Design Patterns em Scala – Parte 3: Pimp My Library


Nas duas primeiras partes da série Design Patterns em Scala, vimos alguns patterns bem conhecidos, porém implementados de uma maneira um pouco diferente em Scala.

Agora veremos um pattern que não é conhecido no mainstream Java, porque usa alguns recursos exclusivos da linguagem Scala, no caso de hoje esse recurso é a conversão implícita.

Estamos falando do Pimp My Library! Yooo!

Motivação

Se você leu o post sobre conversões implícitas, deve se lembrar do exemplo abaixo:

scala> val str = "Hello"
str: java.lang.String = Hello

scala> str.toList
res0: List[Char] = List(H, e, l, l, o)

E agora, com toda a mágica desmistificada, você deve saber que está ocorrendo uma conversão implícita de String para alguma classe que contenha o método .toList().

Mas sem pensar no que está acontecendo por baixo dos panos, qual a sensação que temos quando escrevemos o código acima? Qual a percepção do desenvolvedor?

Parece que foram acrescentados métodos diretamente na classe final String, não é? Se observarmos o código, não dá nem para saber qual a classe que efetivamente define o método .toList().

Esse exemplo é exatamente uma aplicação do pattern Pimp My Library!
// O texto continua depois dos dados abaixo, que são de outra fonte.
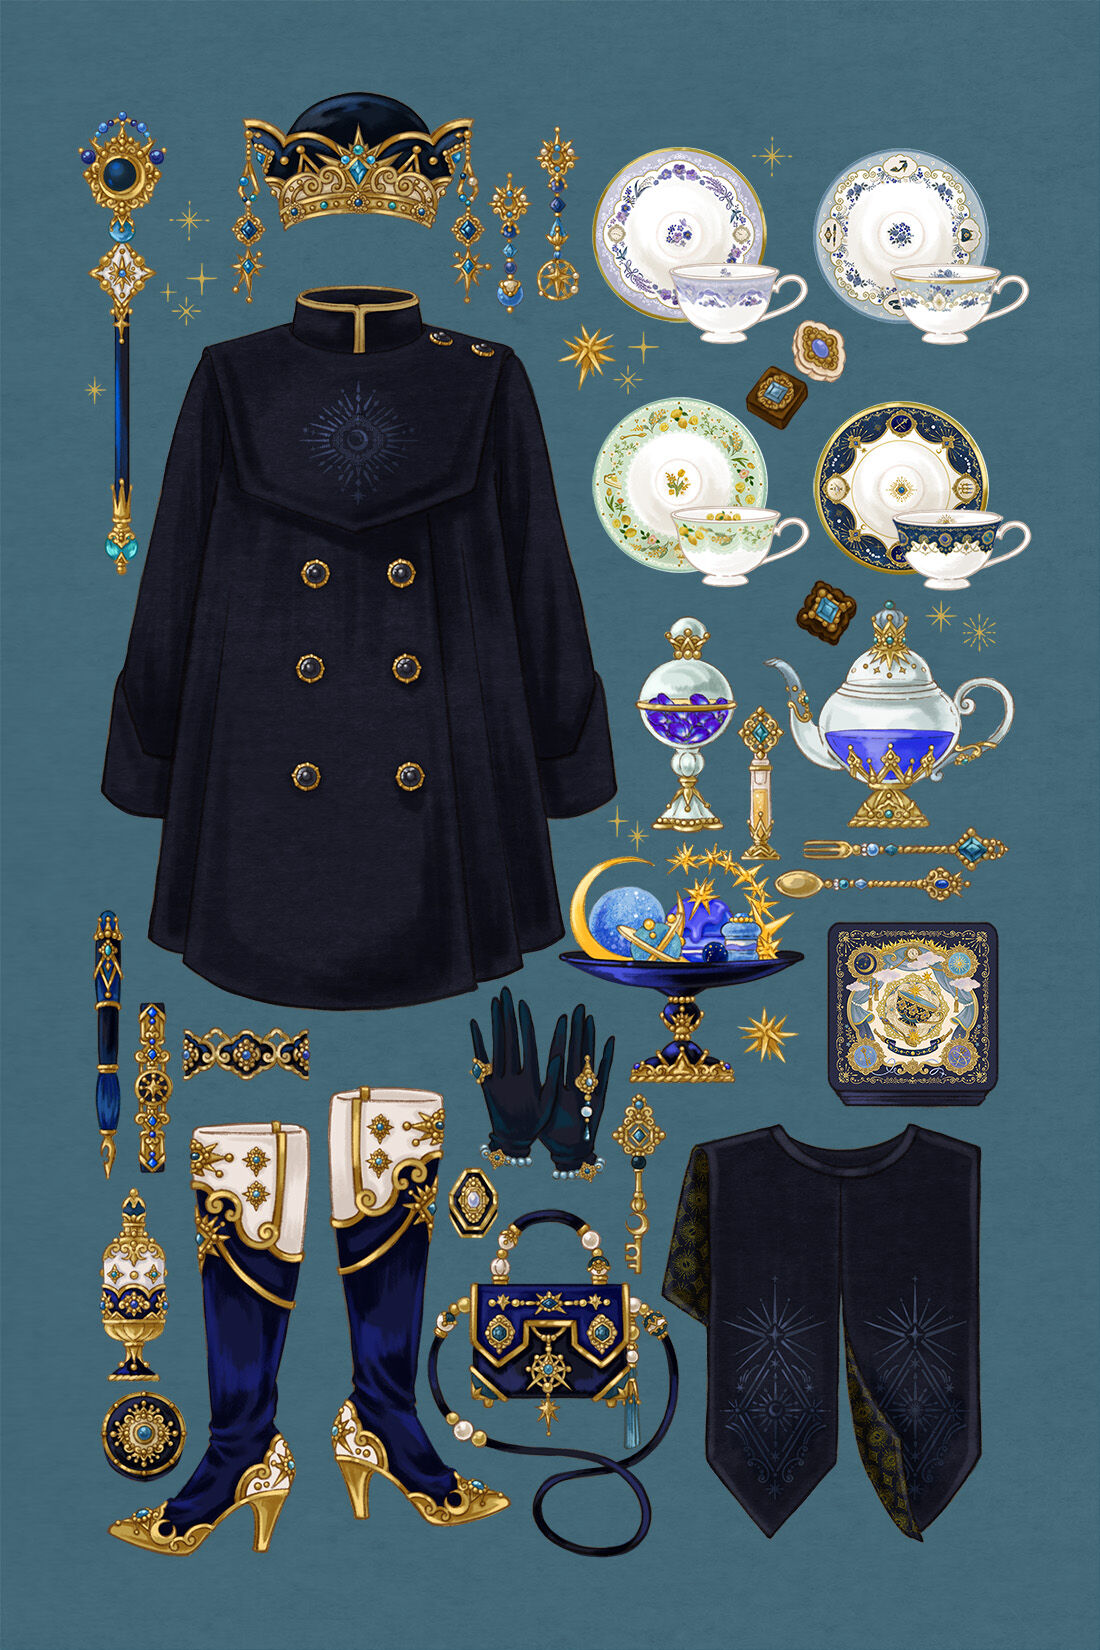 魔法部|魔法部×fouatons　日常を守りきる　日と月の紋章をまとう2-WAYコート〈ミッドナイトブラック〉|シリーズ　「魔法少女は日常を守り切る」のアイテムです。※こちらのイラストカードが付属します。
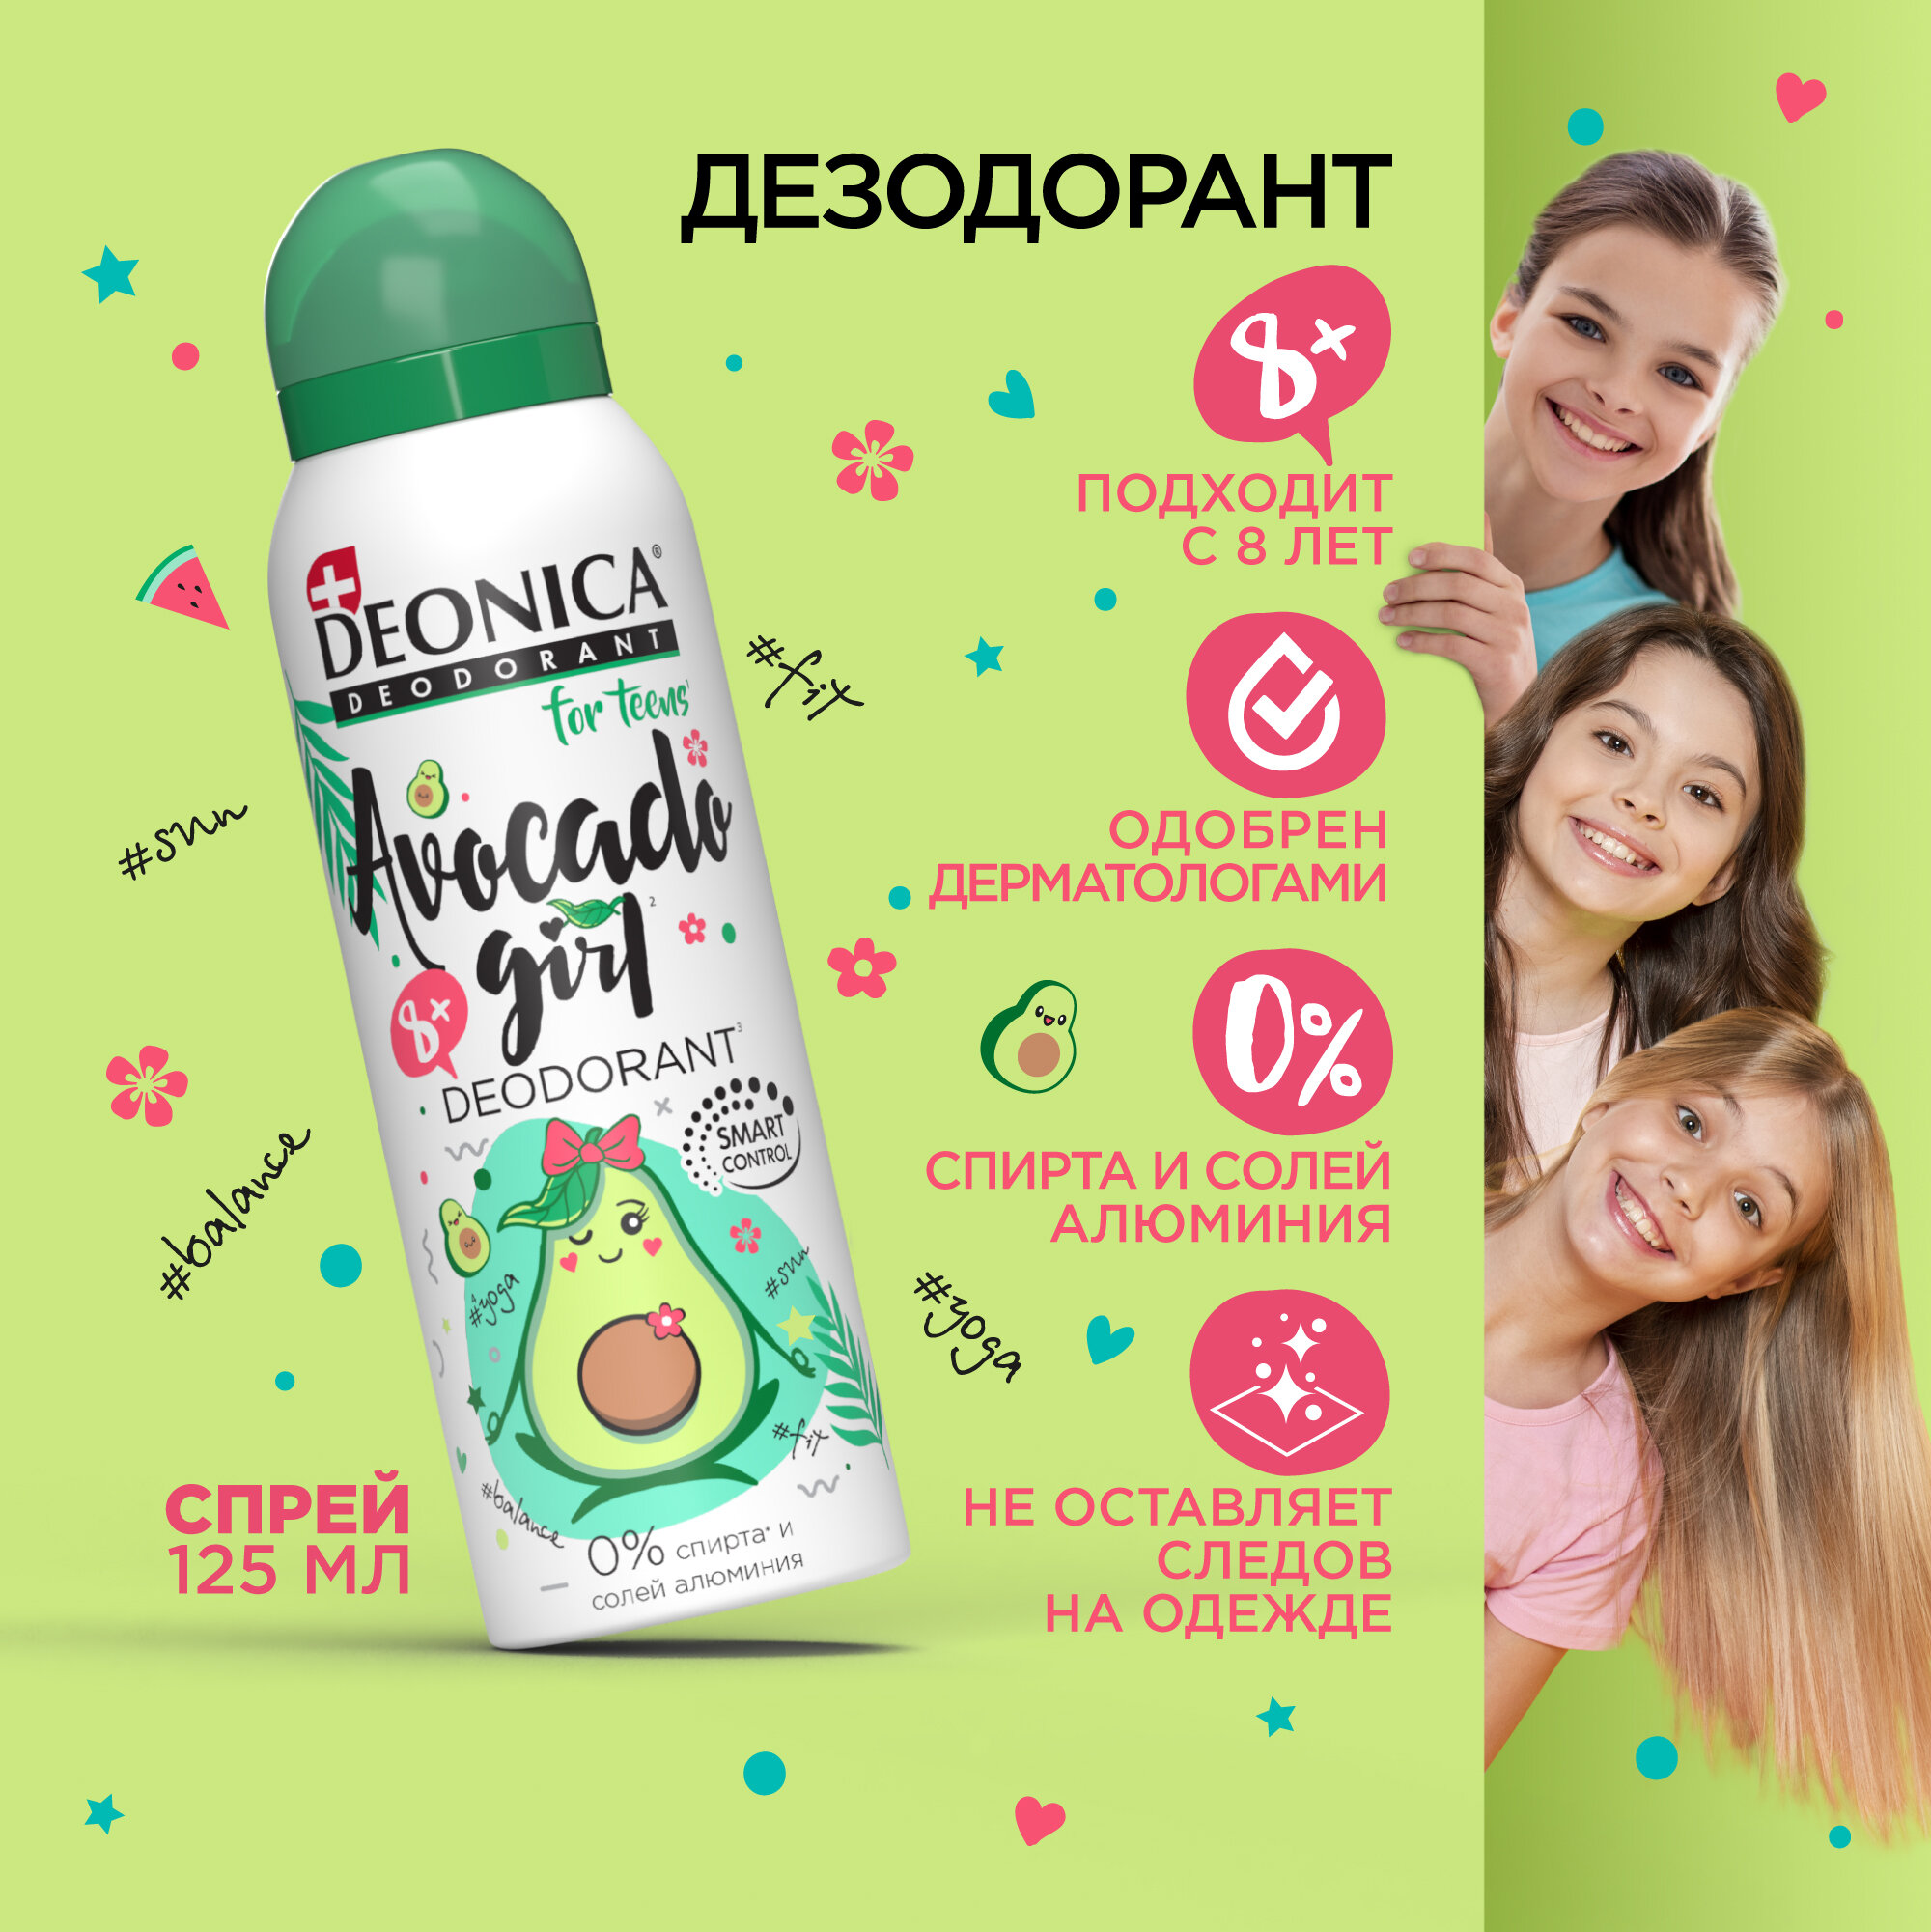 Дезодорант детский Deonica for Teens "Avocado Girl". Спрей,125 мл. Не содержит солей алюминия, спирта, парабенов. Рекомендован детям от 8 до 14 лет

A classe String foi… éé… “Pimpada”!

Ok, “incrementada”, “aumentada”, “melhorada”, são termos melhores… Mas enfim…

O Pimp My Library é útil para os casos em que você usa uma classe ou API que não é sua e deseja estendê-la, de maneira transparente, para melhor se adaptar às suas necessidades.

Esse pattern foi definido (e nomeado) pelo próprio Martin Odersky, criador da linguagem, nesse artigo.

A primeira vista esse pattern se parece muito com Ruby Open Classes ou até mesmo Prototypes em Javascript, no sentido de que se consegue atingir o mesmo efeito.

No entanto, fazer Pimp My Library em Scala é algo muito mais controlado e localizado. Você não está efetivamente fazendo uma alteração na classe e afetando todo restante da sua aplicação (o que pode sair do controle e introduzir bugs estranhos).

É mais controlado fazer isso em Scala porque você precisa trazer explicitamente para o escopo do seu código o método implicit que faz as coisas acontecerem.

Vamos entender melhor como funciona…

Implementação

Agora que sabemos como funcionam as conversões implícitas fica fácil fazer o resto!

Tudo que precisamos é fazer um rich wrapper que possui os métodos que desejamos acrescentar a classe a ser incrementada.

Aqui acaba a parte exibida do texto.